Originally Posted by Donald Lee
That sounds incredibly short. Do they average about 5 runs/day because they cannot complete all 10 runs in the alloted goal time? Also, you keep the 400 m runners to a maximum of 60 m sprints? I'm guessing you allow for maximal recovery between sprints because you don't do intervals.
The majority of the reason for averaging 5 is because they reach 10, but there are times they cannot make the first 2 runs within the goal time.
Recovery time between runs is 4 minutes.
1. You stated that the horizontal force forward and the braking force generally even out, and that what propells the runner forward is the vertical force against gravity. Obviously the vertical force is not the only force in play, or else the runner wouldn't go anywhere.
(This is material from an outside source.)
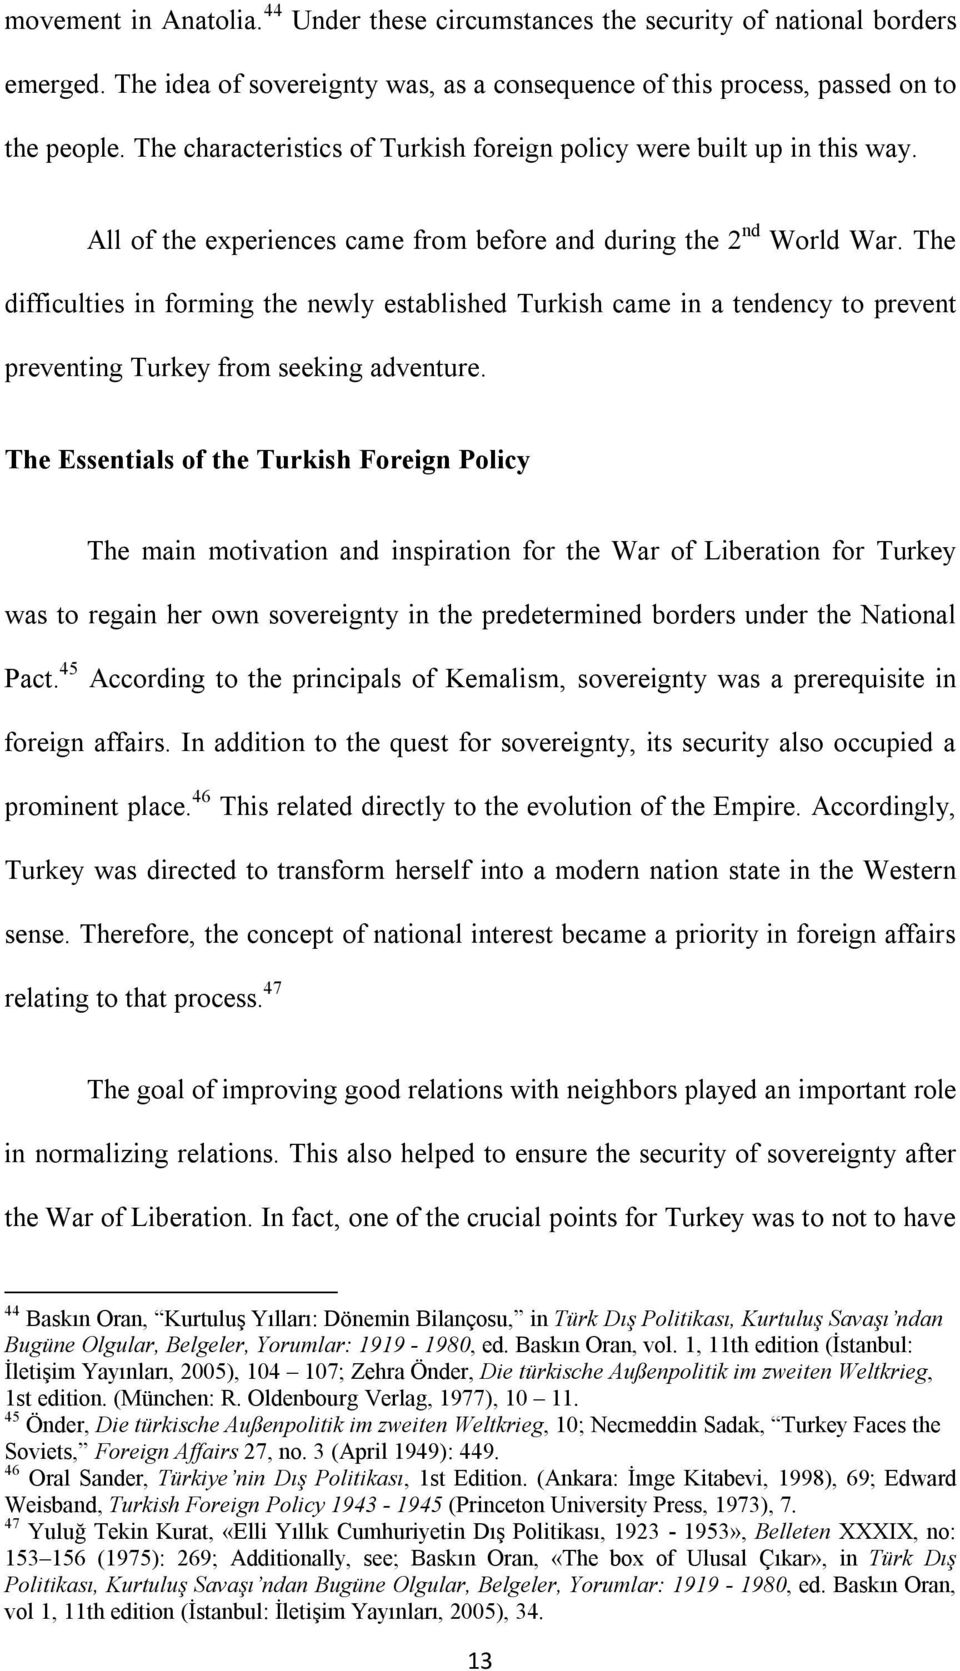 The difficulties in forming the newly established Turkish came in a tendency to prevent preventing Turkey from seeking adventure.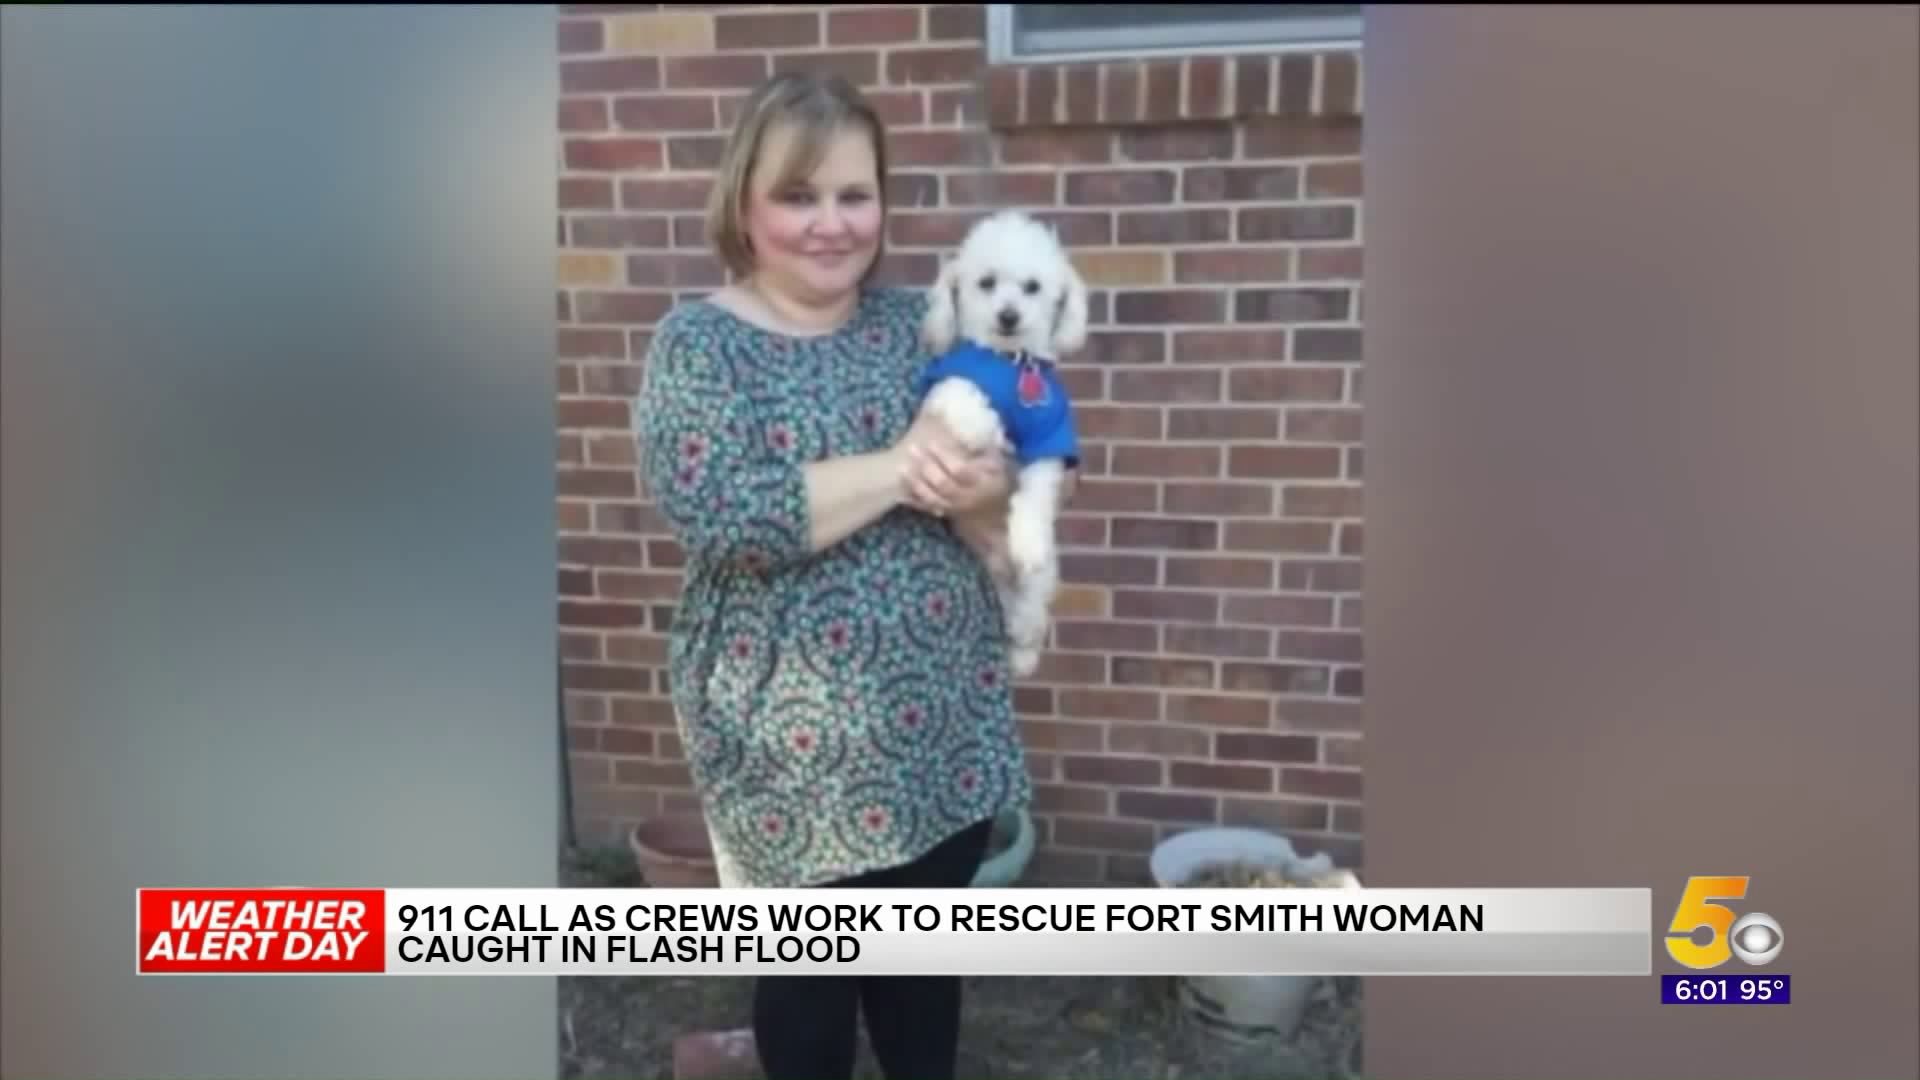 Dispatch Calls Released After Fort Smith Woman Drowns During Flash Flooding

How does angeled force play into this?
Out of the blocks, step one's horizontal impulse is equal to 60% OF vertical impulse. By step 3, horizontal impulse is 32% OF vertical impulse. Horizontal impulse eventually drops to ~10% of vertical impulse.
From the above, as the runner increases speed, the force vector changes. There is also the factor of inertia that keeps the runner moving horizontally. The braking action at ground contact causes the center of mass to continue in a forward direction--because of inertia (this is why those who want to minimise braking force at landing are being silly--not a nice way to put it but that's what it is
From "Running Springs: Speed and animal size"Farley, et. al.
"Running, hopping, trotting and galloping animals bounce along the ground using
springs to store and return elastic energy (Cavagna et al. 1964, 1977; Heglund et al.1982b). These springs include muscles, tendons and ligaments which alternately stretch and recoil, storing and releasing elastic energy, while the feet are on the ground (Alexander, 1988).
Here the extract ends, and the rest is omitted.